The second days of MIPFormats and MIPDoc 2018 yielded plenty of talking points about formats, factual and digital trends, including a MIPFormats keynote led by Kate Phillips (above, left), controller at BBC Entertainment. She was interviewed by Lisa Perrin (right), CEO of creative networks at Endemol Shine Group.

Phillips’ career, like many in television, has meandered. “I never had a strategy; I’m sure no one here does, you never have a strategy in television,” she said. Today her slate is formidable, with hits that include Strictly Come Dancing, The Apprentice and Dragon’s Den.

Asked by Perrin how she perceives critiques about the BBC’s capacity to innovate quickly, Phillips said it takes “balls, really. As a public service broadcaster, we have to take risks. I think I’ve taken a lot of risks since I’ve started and I have a team who feel passionately about new ideas. We work hand in hand with indies of all sizes; I will always take risks, and that won’t stop.”

A pertinent example of this is the just-commissioned All Together Now, distributed by Endemol Shine and airing on BBC One on Saturday nights:

“That was pitched as a paper treatment, on a side of A4,” Phillips revealed. It was explained as a singing contest where “there’s no panel of judges; it’s a panel of people where if you like it you stand up and sing along.” She called this pitch a perfect example of KISS, or “Keep It Simple, Stupid.” Phillips greenlit the show because it felt fresh, funny and distinctive.

“We’re always going to be looking for big Saturday night shows and that continues. Now we’re looking at 2020 because it takes 1.5 years to get a show like this up and running.”

Asked by Perrin how she feels about growing competition from sites like Amazon and Netflix, Phillips openly admitted she loves the Netflix format Nailed It.

“I think it’s brilliant that people are putting up money to commission indies,” she said. “In factual entertainment, they’re definitely tough competition because people tend to binge factual. But in terms of our big Saturday night plays, I don’t see them so much as competition. Saturday night shows are more like sporting events: A live sharing experience.”

For the future, she encourages people not to be too slot-focused. “I still want to bring ideas that don’t fit a model,” she said. She also revealed a lesson, hard-earned over the course of an illustrious career: “Don’t rush things to air too soon. Take your time, pilot it, try it out.”

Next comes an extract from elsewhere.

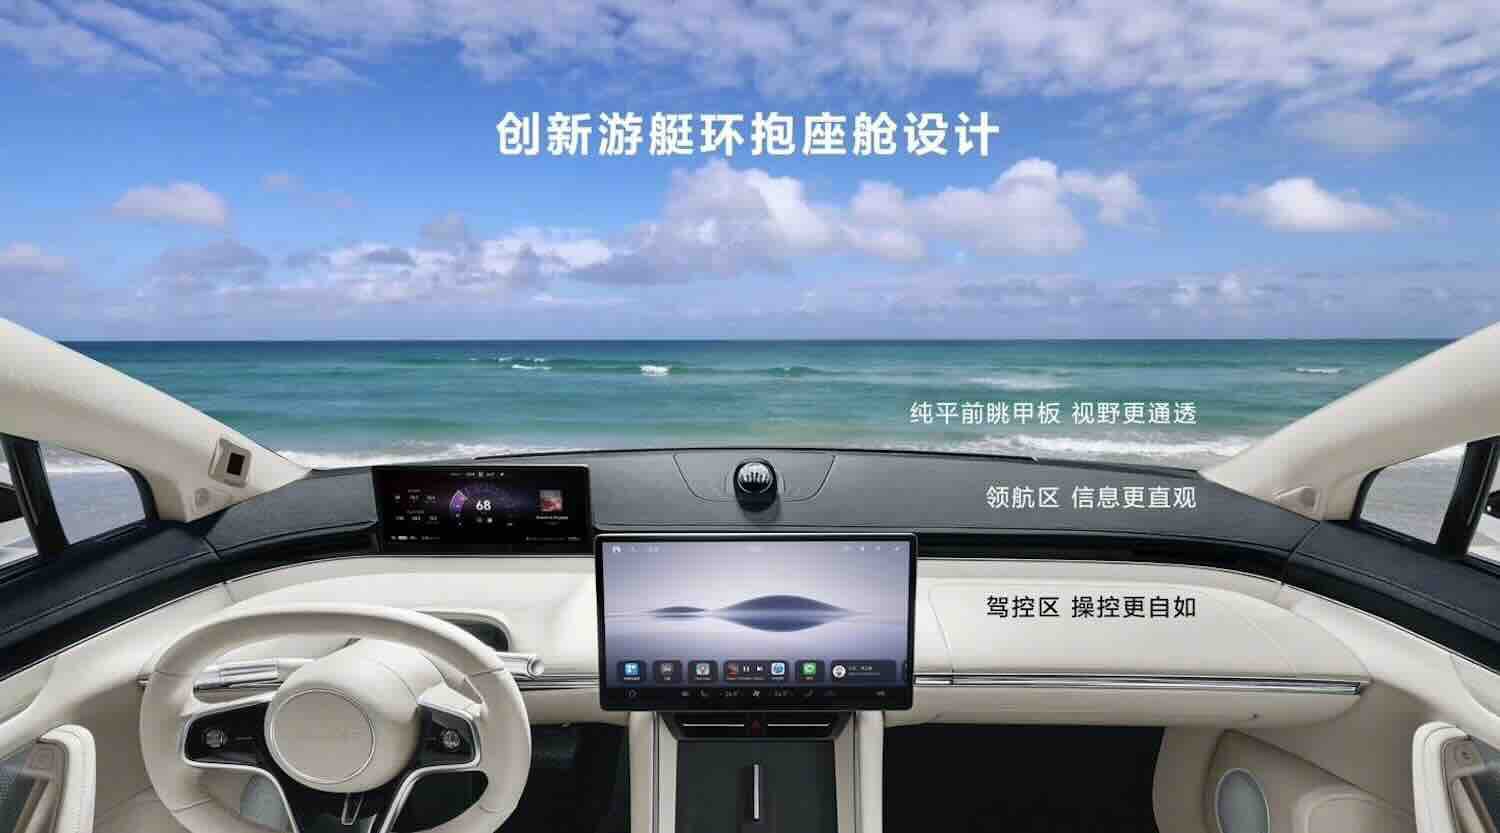 Ban-sao-noi-that-Huawei-Luxeed-S7.jpeg

Just after breakfast, we were treated to Digital Protection of Your IP. Hosted by Jan Salling (left), CEO of Missing Link Media and co-chairman of FRAPA (Format Recognition and Protection Association), it included general manager/formats and development head Jin Woo Hwang of CJ E&M (right) and director Cheryl Clarke of Mushroom Media Ltd (centre).

During the session, Clarke went into some detail about blockchain and its potential industry applications.

“Blockchain represents Web 3.0, where the Web can run on a fully peer-chain basis,” she explained, adding that the sector is moving at warp speed: “Cryptocurrency is now valued at $350 billion, all seeking real world applications.”

“How is that real money?” Salling asked her.

“That’s a much broader question, because then you go into, what is money?” Clarke replied. “Money in a bank is about trust between you and your bank. In blockchain, there’s trust between people who own cryptocurrency and what they’re buying it with. You can exchange cryptocurrency for items … or even fiat currency.”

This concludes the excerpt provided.